ESXI ISCSI and Freenas - Bottleneck Identification

EnlightenCor · Jul 28, 2020

First, I'll say I have been a long time lurker to these forums and I've tried to do a fair bit of investigation and problem solving on my own, but I think I've gone as far as I can and would like some insight from those who have been around and in the mix a lot longer than I.

I'm attempting to use Freenas ISCSI with ESXI 6.5 ( Dell R610). I am not seeing the performance I believe I could attain, but I'm leaning towards my drives at this point being the bottleneck, but before spending any further cash, I would like others to take a look.

Continued.... after the Hardware section.

Needed Information:
FreeNas Version: FreeNAS-11.3-U3.2

Hardware:
MOBO: SuperMicro X8SIE
Intel(R) Xeon(R) CPU X3460 @ 2.80GHz amd64
32 GB ECC Memory. Memory brands match and in the correct slots per Supermicro Manual.

02:00.0 Ethernet controller: Mellanox Technologies MT26448 [ConnectX EN 10GigE, PCIe 2.0 5GT/s] (rev b0)

03:00.0 Ethernet controller: Intel Corporation 82574L Gigabit Network Connection
04:00.0 Ethernet controller: Intel Corporation 82574L Gigabit Network Connection
05:00.0 Ethernet controller: Realtek Semiconductor Co., Ltd. RTL8169 PCI Gigabit Ethernet Controller (rev 10)

LSI SAS2008 PCI Flashed to IT mode.

Drive Configuration:
2X4 Mirror

Drive Models:
5 of ATA ST2000DL003 1.82 TB(5900 RPM)
2 of ATA ST2000DM001 1.82 TB (7200 RPM)
1 of ATA ST32000542AS 1.82TB (5900 RPM)

1 KINGSTON SUV400S37240G 240GB as a LOG device
(It was a spare SSD lying around. Including it seemed to improve performance)

DD_Tests:
1) DD 10GB write of Zeros
10000+0 records in
10000+0 records out
10485760000 bytes transferred in 3.951187 secs (2653825470 bytes/sec)

2) DD 10GB read of Zeros
dd of=/dev/null if=/mnt/tank/ddtest1.dat bs=1024k count=10000
10000+0 records in
10000+0 records out
10485760000 bytes transferred in 1.702495 secs (6159055428 bytes/sec)

3) DD 20GB Write of Zeros
dd if=/dev/zero of=/mnt/tank/ddtest2.dat bs=2048k count=10000
10000+0 records in
10000+0 records out
20971520000 bytes transferred in 7.574889 secs (2768557911 bytes/sec)

4) DD 20GB read of Zeros
dd of=/dev/null if=/mnt/tank/ddtest2.dat bs=2048k count=10000
10000+0 records in
10000+0 records out
20971520000 bytes transferred in 3.387624 secs (6190628305 bytes/sec)

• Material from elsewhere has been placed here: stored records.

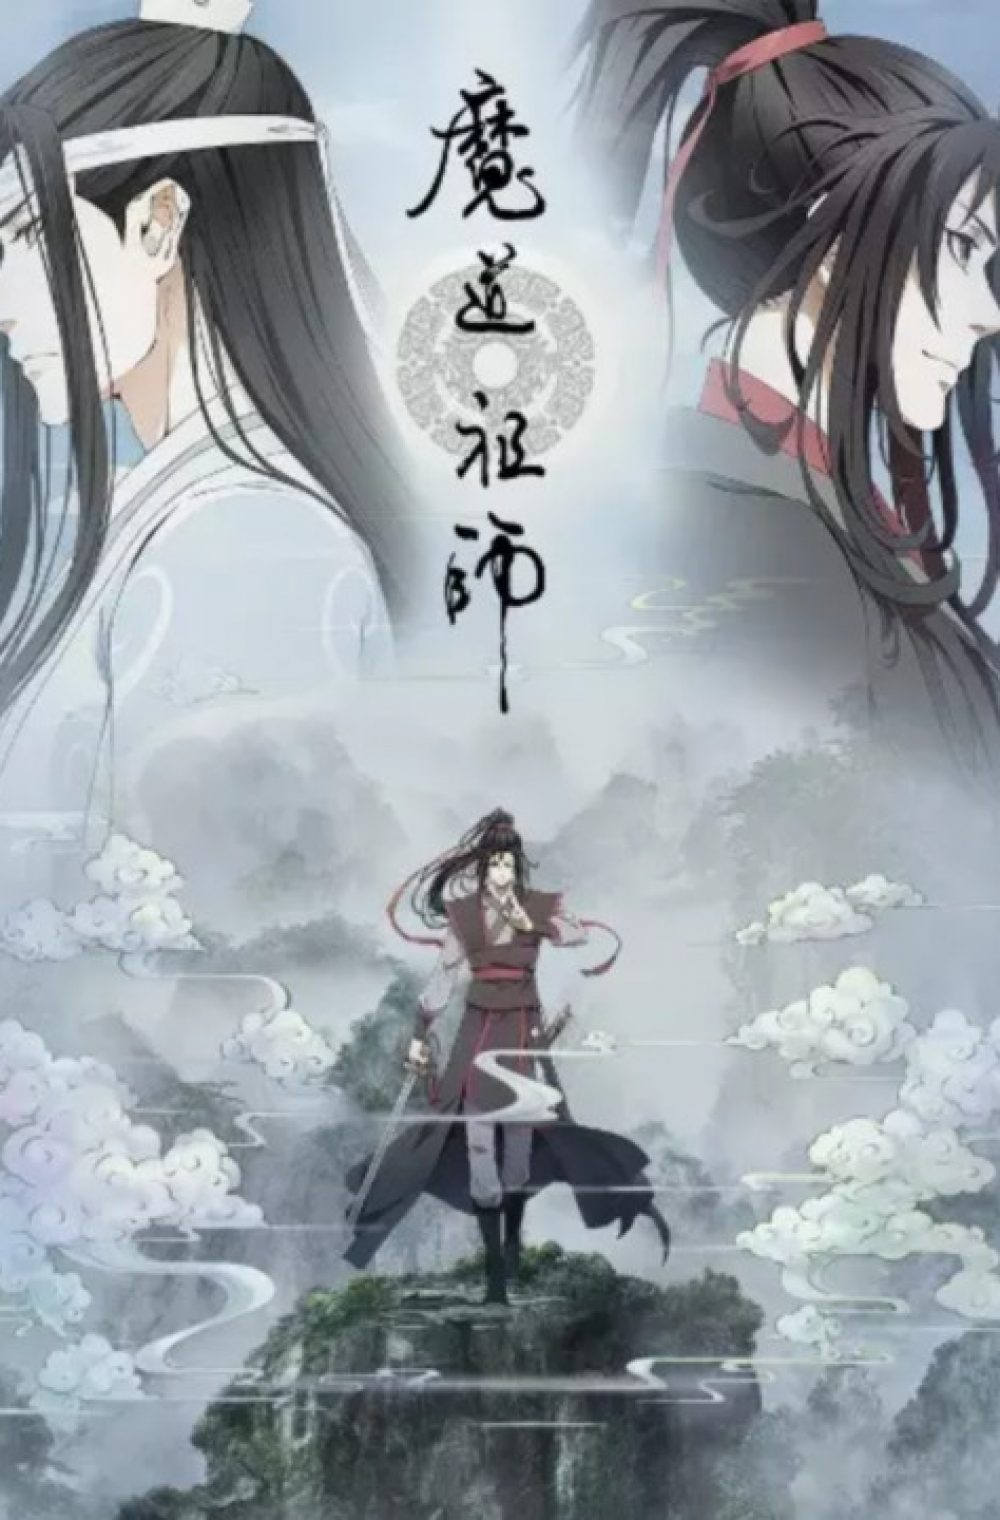 Mo Dao Zu Shi (Japanese Dub)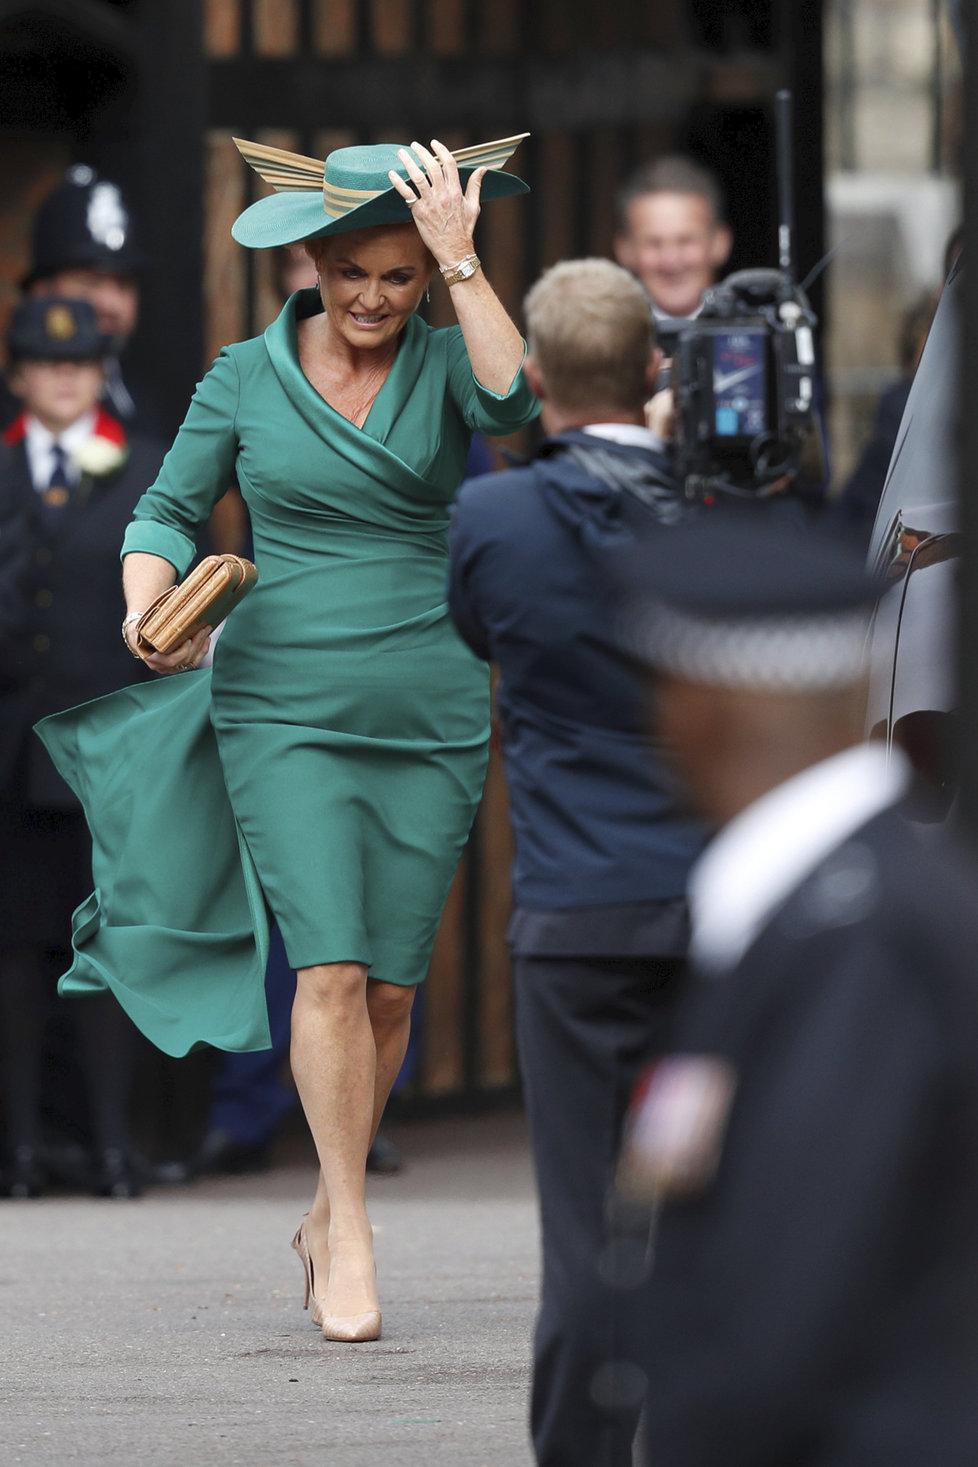 Matka nevěsty Sarah - Vévodkyně z Yorku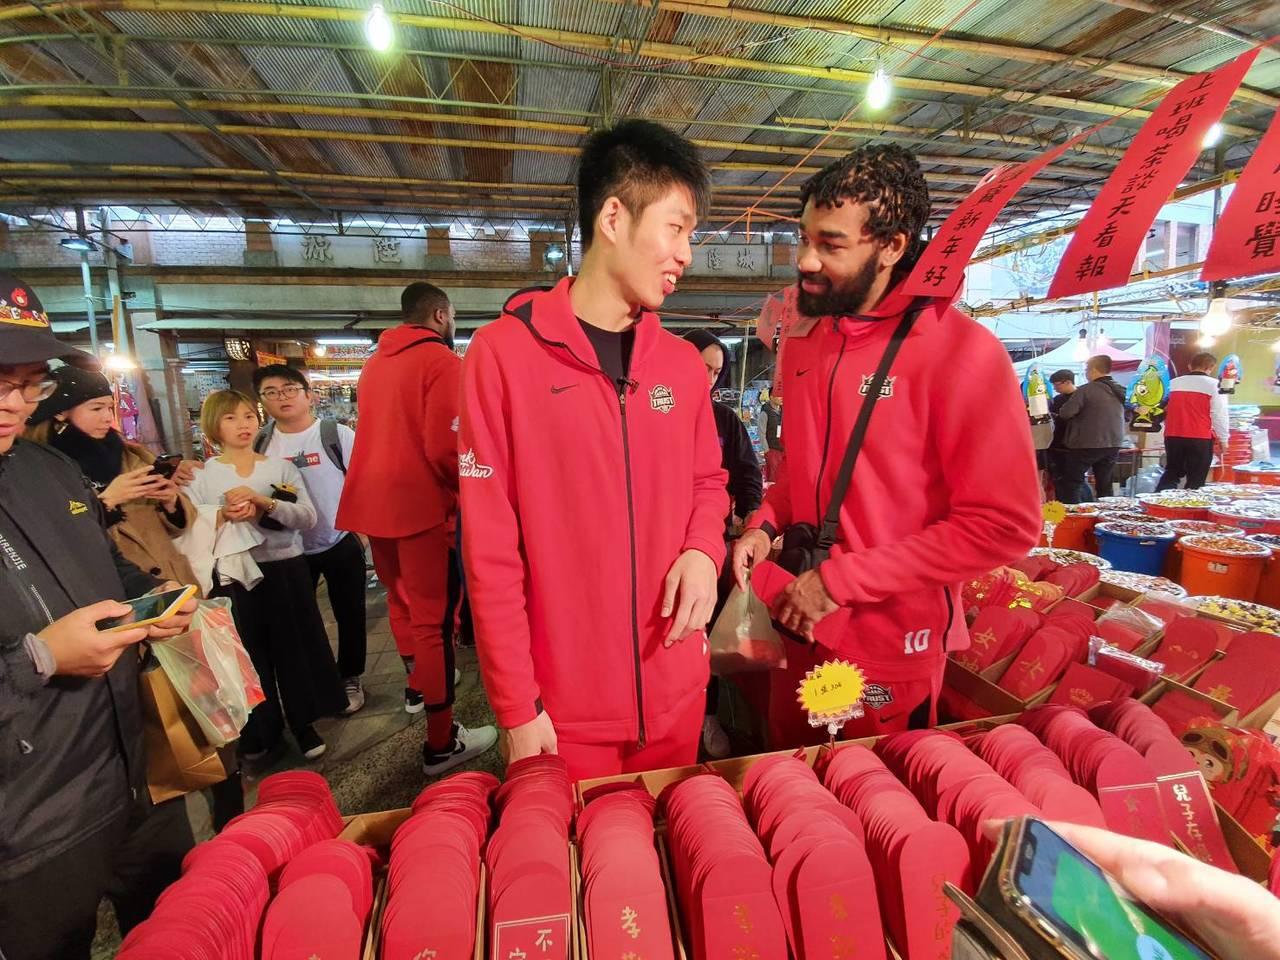 劉人豪(左)、瓊斯(右)年貨大街挑選紅包袋。記者林宋以情/攝影

5) DD 10GB write of Random (CPU Intensive, but CPU only 14% Utilized)
dd if=/dev/random of=/mnt/tank/ddtest3.dat bs=1024k count=10000
10000+0 records in
10000+0 records out
10485760000 bytes transferred in 100.059708 secs (104795029 bytes/sec)

6) DD 10GB Read of Random (Same CPU utilization)
dd of=/dev/null if=/mnt/tank/ddtest3.dat bs=1024k count=10000
10000+0 records in
10000+0 records out
10485760000 bytes transferred in 3.565204 secs (2941138916 bytes/sec)

The ESXI 6.5 Server Dell R610 has 2 ISCSI Datastores from the Freenas. One is over the 10GB Link and I have another over 2 1GB ISCSI Links. The 1Gb setup is through another VSwtich entirely.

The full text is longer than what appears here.